Buggies passed, children waved and stared first at my bike, then at me, then again at my bike. They passed so slowly I could hear them giggling with excitement. Little white bonnets bopped in buggy windows, and fatherly wide-brimmed hats tipped in my general direction.

I sat and watched them ride by. Watched that sunburst patch disappear. Knew and knew and knew that it wouldn't be long now, I could hear it coming, but I still didn't move. And in the minute before I got back on my bike, for some reason I heard in the back of my head, ...what you want and what you need are usually completely different things, which almost never come to you at the same time. Like a public service announcement, I thought about it for a second, hoped to file it, but let it slip out like a dust ball too near the screen door.

It was time to turn around. I didn't want to be freezing. I can't stand being cold. I'd only brought enough fuel for a 50-mile ride, but because of my little excursion, I was 42 miles from home and there were only eight miles left in my bottle.

None of it made any sense. I don't make mistakes like this. I don't get this far off course on purpose. I don't chase storm clouds. But I did today. And sitting here still shivering, I suppose I needed to.

The storm came cold and harsh. Not mist. Heavy, sharp drops, and I was already soaked for the most part from the light rain of the first 42 miles. The new drops were penance I guess.
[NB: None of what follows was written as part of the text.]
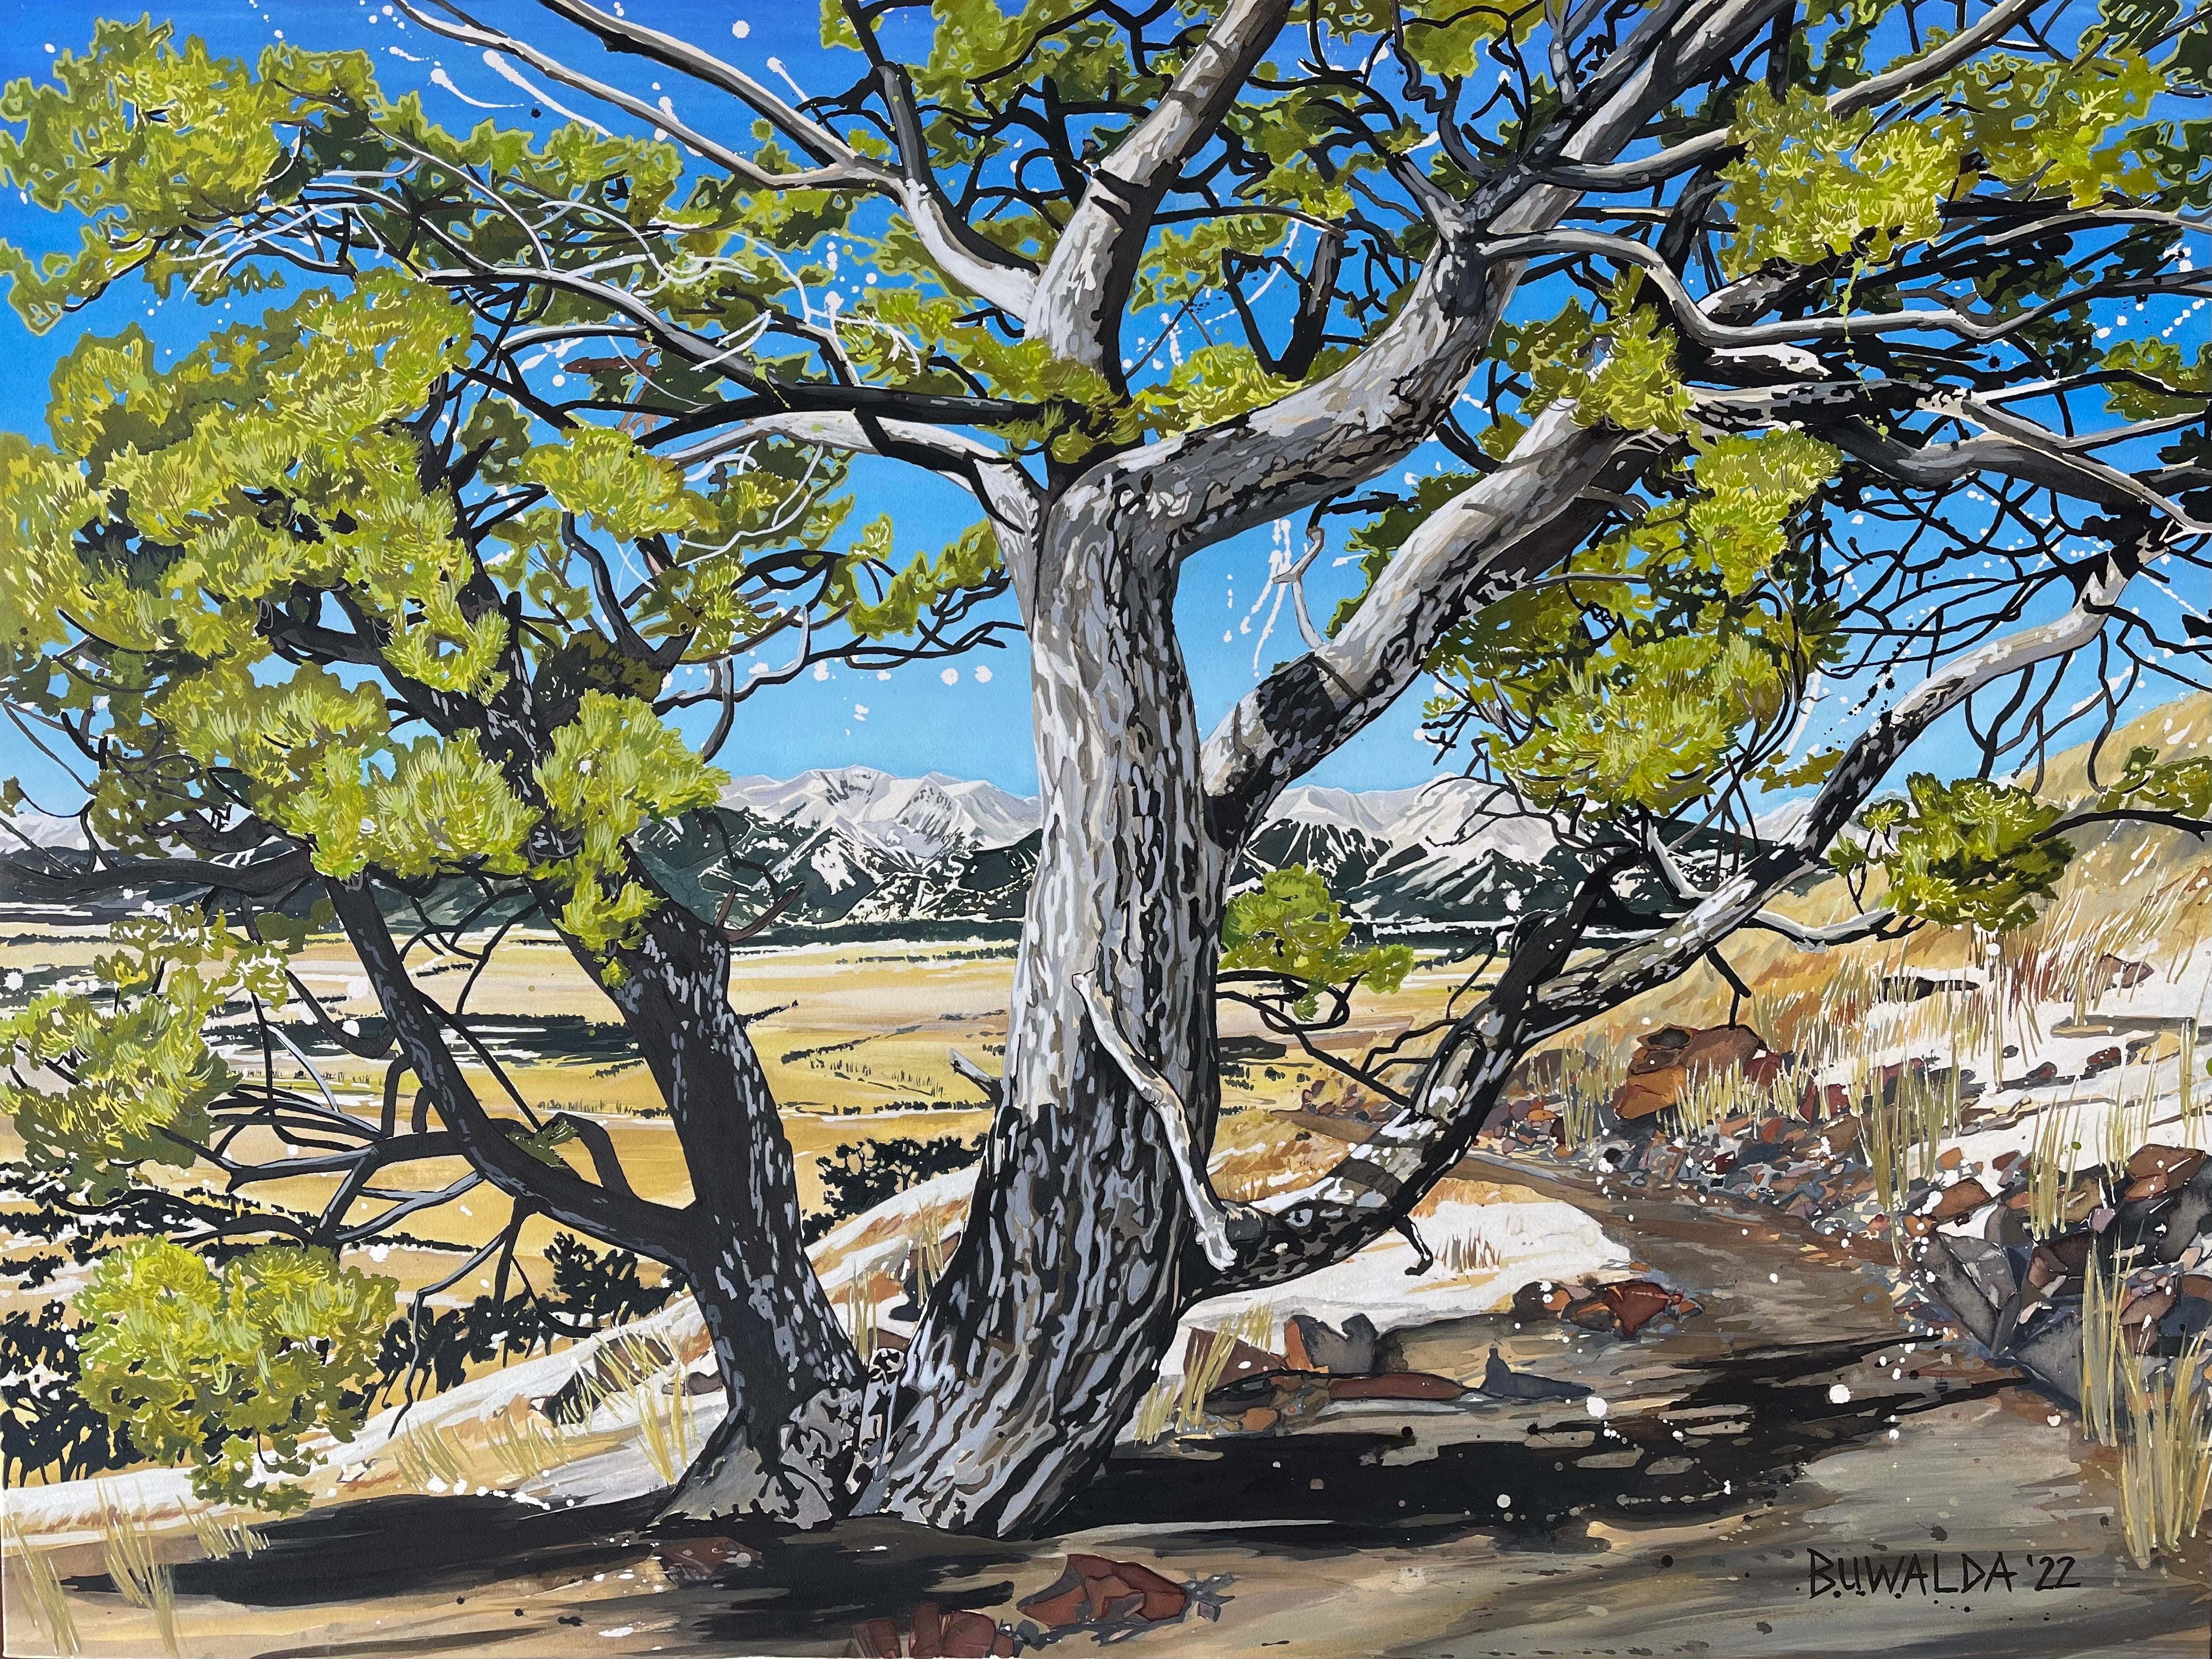 Original Painting Acrylic Ink on Stretched Watercolor Paper "Pinyon", 40"x30", 'Shelter-Wood' Series 2022 $4,000 SOLD

The beating in the lesson so you never forget it kind. The kind that breaks you after a while, and I had a good long while yet to go.

Headwinds sliced through my windbreaker. My tights were sopping, everything was sopping. Drops dangled from the brim of my helmet, clung for their lives as I shook them off like a dog out of the water, until after a while I stopped bothering. I just let them collect. Hang. Drip. My teeth started to chatter. My gloves and socks squished. I thought about calling someone to come and get me, as I was still 20 miles from home. Didn't. Should have. I was out of fuel in every sense of the word.

And I think now I realize that it had to be that way, or I never would have stopped all this.

I don't know if I can even explain this part...

See, I am so many things, so many times a day, to so many people. Today, at that intersection, I just wanted to be me, and I guess that's what pulled me. Rational or not. Ready or not. I think that's what happens if you let it go this long...the not letting yourself just be someone who needs just as much as anyone else in your life. I don't know if this is just the nature of women, to get lost in everyone else, but I felt guilty and ashamed and embarrassed out there for actually entertaining the idea that I could possibly need anything from anyone. It wasn't until I got so completely soul-soaked by that storm that I had no choice but to admit it.

Do you know how long I've been running from this day?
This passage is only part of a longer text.